O Ciclo
O CICLO
Tarde de inverno. Eu subia as escadas da escola que um dia subira
sonhando. Eu e minha turma. No século passado, eu tinha percorrido o
mesmo trajeto para participar de reunião de pais. Queria ser professora.
Professora dessa escola.
Eu subia as escadas seguida por vinte e três pares de olhinhos ansiosos
e aventureiros. Desviamos um pouco a fila no corredor porque ali na sala
onze tinha uma professora no meio do caminho. Ajoelhada. Eu ia brincar com ela:
“Está rezando, amiga?”, mas engoli a frase ao perceber que o caso era
sério: diante dela, uma preciosidade nossa, uma menina ruiva e linda...
Aos prantos.
Ainda algumas imagens da vida me comoviam, que bom! Eis uma delas,
quando um adulto escorrega de seu pedestal de maturidade e se prostra
diante de uma criança que precisa de ajuda. Não parei para especular
o problema daquela menina. Não era necessário. Segui feliz com minha
turma, pois minha intuição dizia que a necessidade daquela aluna estava
sendo atendida com louvor.
E a vida seguiu quase tranquila. Subi aquelas escadas incontáveis
vezes, ora esperançosa, ora reflexiva, mas sempre resolvida a ser alguém
que soma nos pequenos seres não só o conhecimento que cabe dentro
das margens do caderno, mas os saberes da alma e do coração.
(...)
Tarde de verão. Primeiro dia de aula. Subo as escadas da escola levando
um neto pelas mãos. Ela sobe também, seguida por olhos ansiosos: alunos,
pais, algumas avós... e eu. Ao entregar meu precioso menino em suas
mãos, reconheço algo na moça. Cabelos ruivos, sala onze. Sem saber o
que penso, ela sorri e, juro, seu sorriso me segura a alma.
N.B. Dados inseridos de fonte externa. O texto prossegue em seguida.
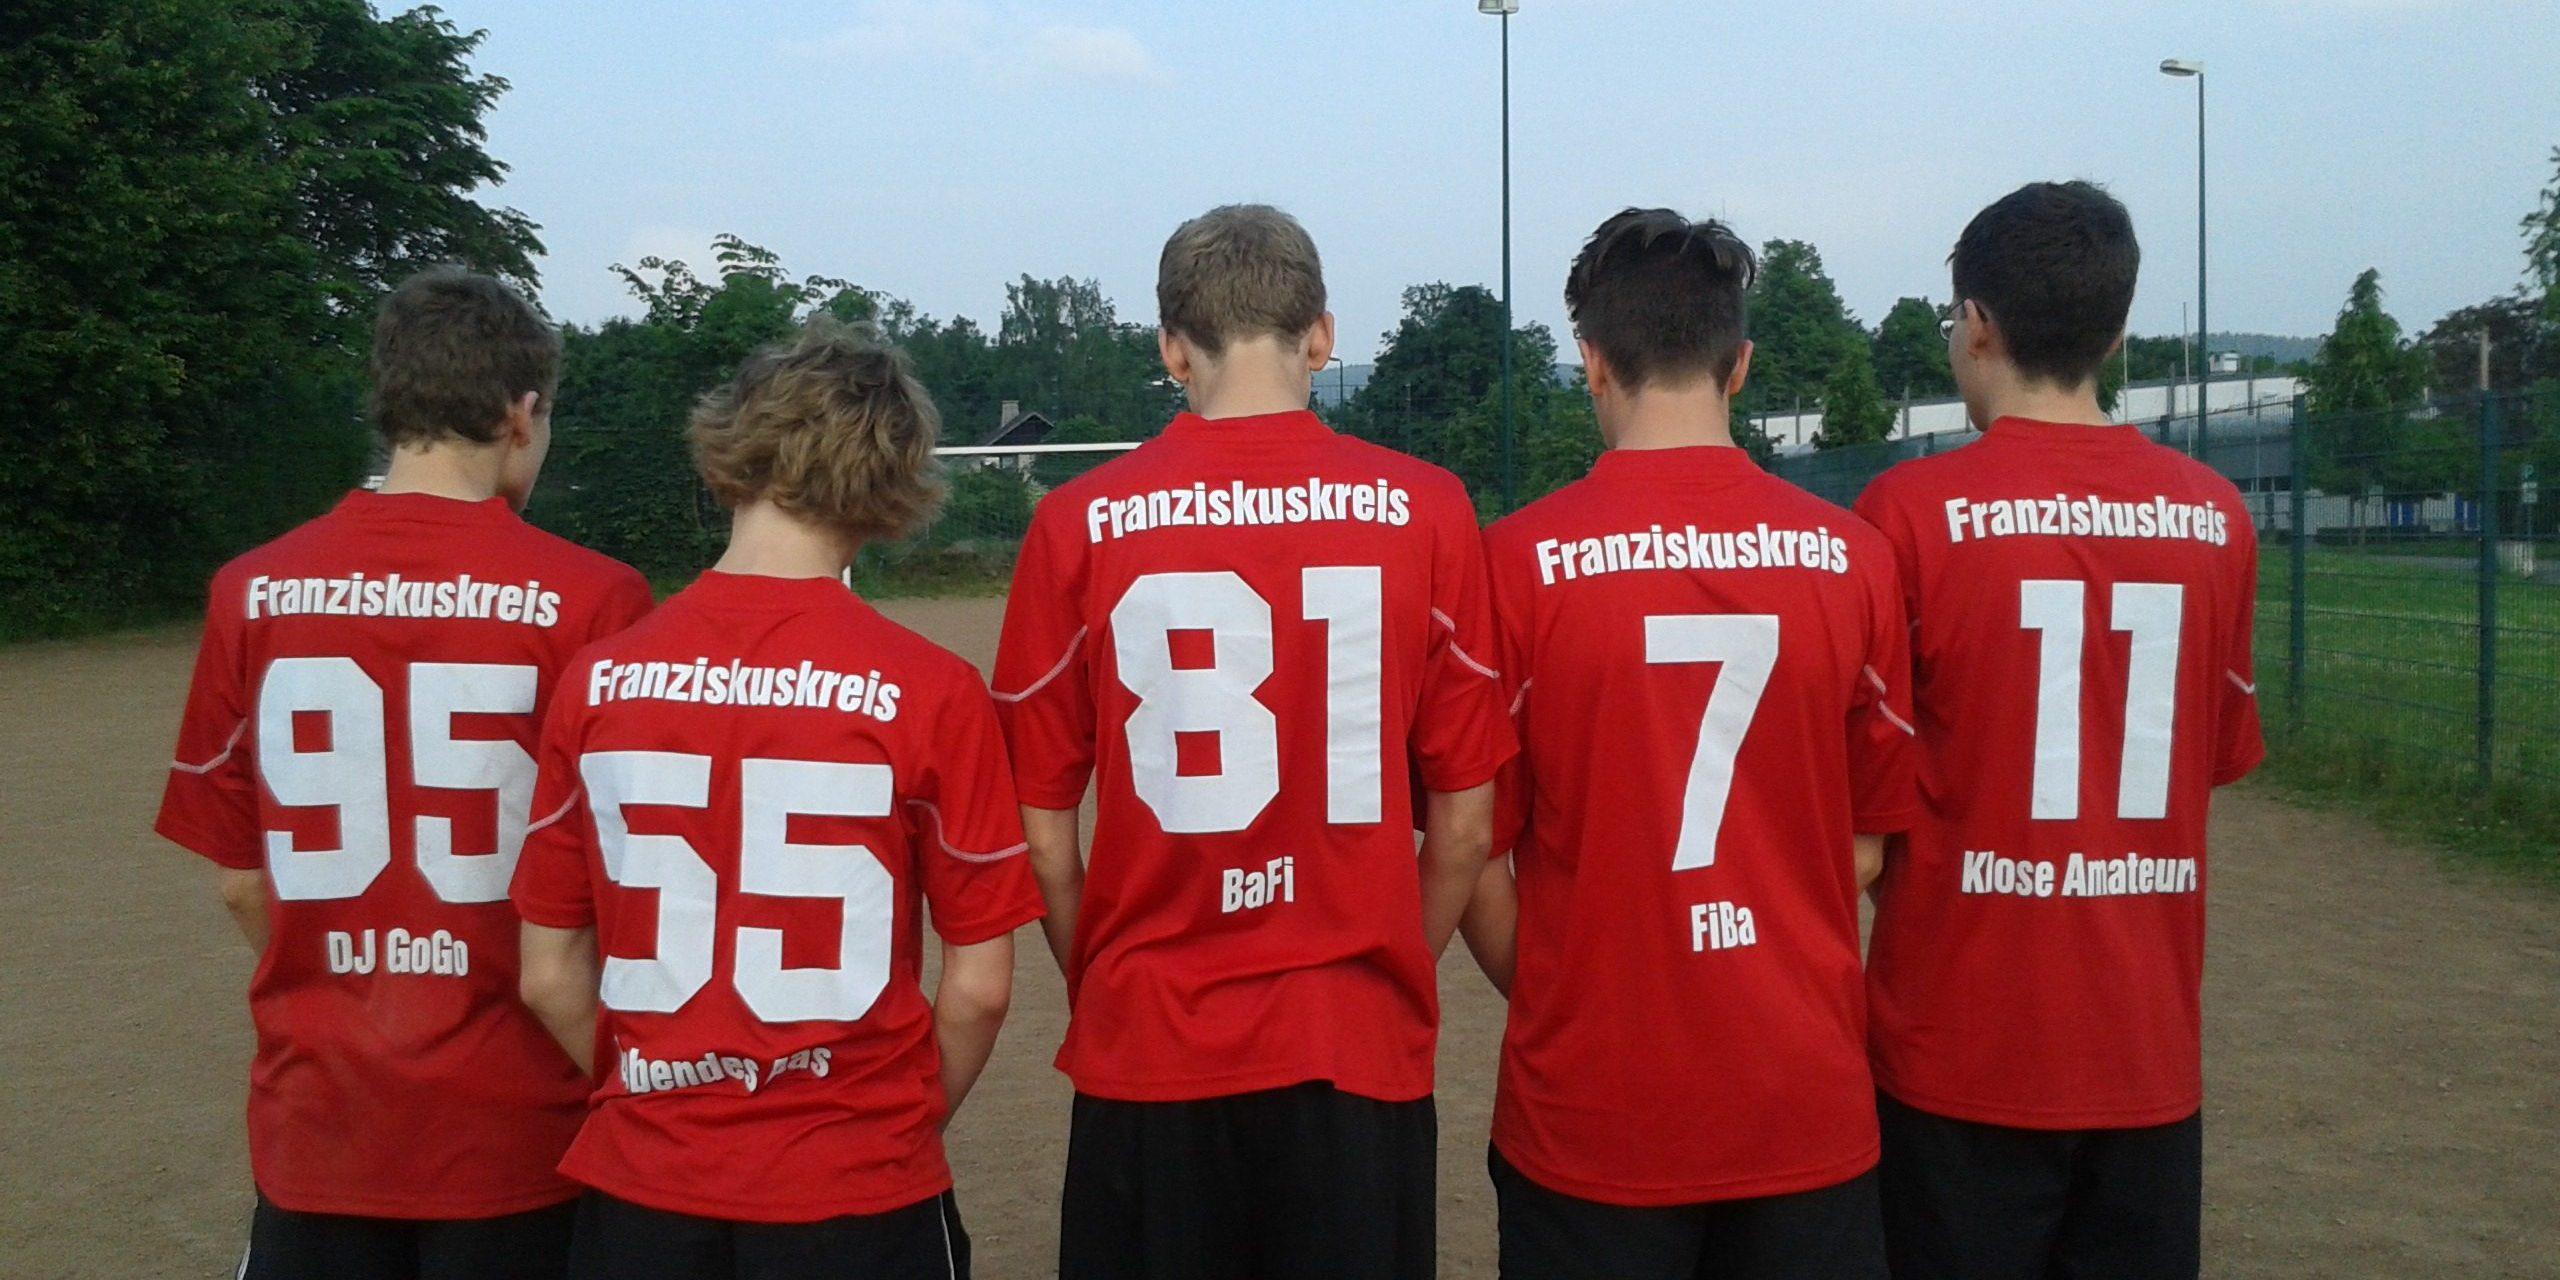 """Die Jungs vom Fußballteam """"Franziskuskreis Sauerland"""" (kurz """"FKS"""") in den neuen Trikots."""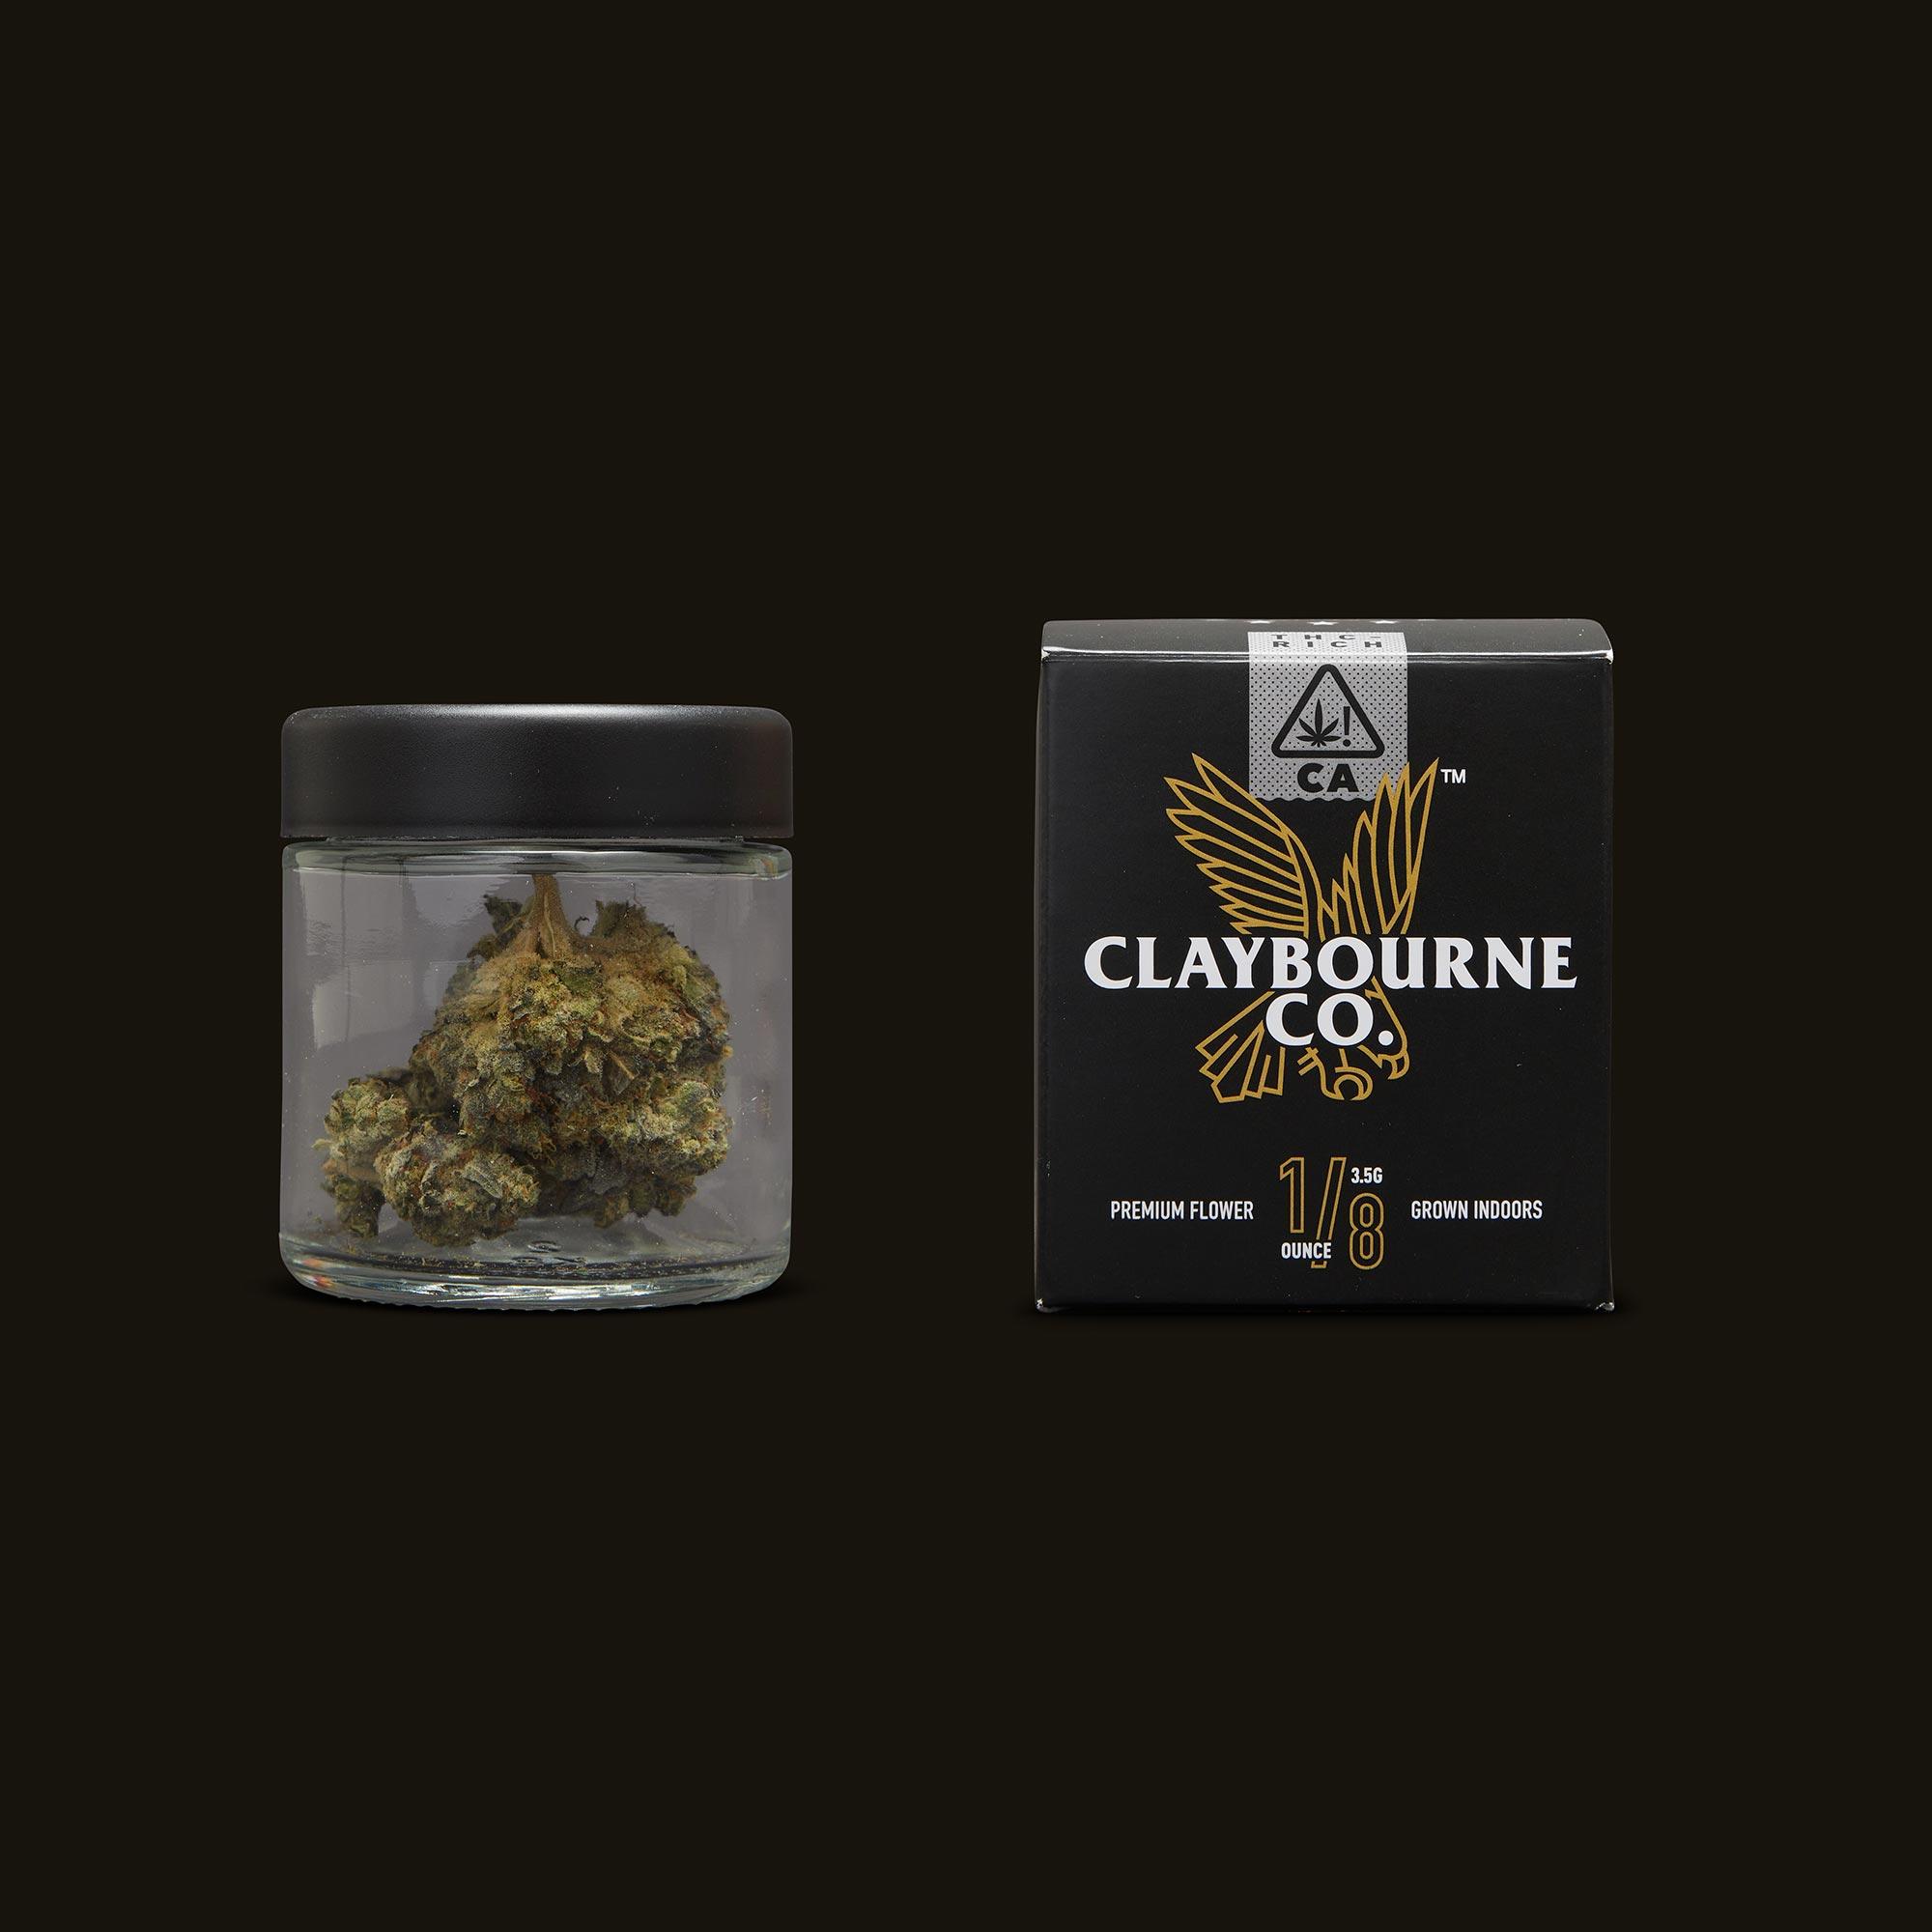 Claybourne Co. Jack Herer

– Tchau, vó! – grita o netinho, me acordando.
– Boa tarde, a senhora é a avó? Fica tranquila, viu? É meu primeiro dia
também e sabe...eu amo esta escola! Estudei aqui, acredite, bem nesta
salinha! Tive uma professora maravilhosa aqui!
– Eu sei, minha filha! – foi só o que consegui pronunciar.
Se eu quisesse dizer mais, minha voz não sairia da garganta. Lembrei
da minha colega ajoelhada, por onde andaria? Não sei. Só sei que
tudo valeu a pena. Lembrei de tantas outras colegas nessa hora... Risos
ecoaram, alunos correndo, cadernos.
Não fiz nenhuma pergunta. Não era necessário... Apenas segui feliz.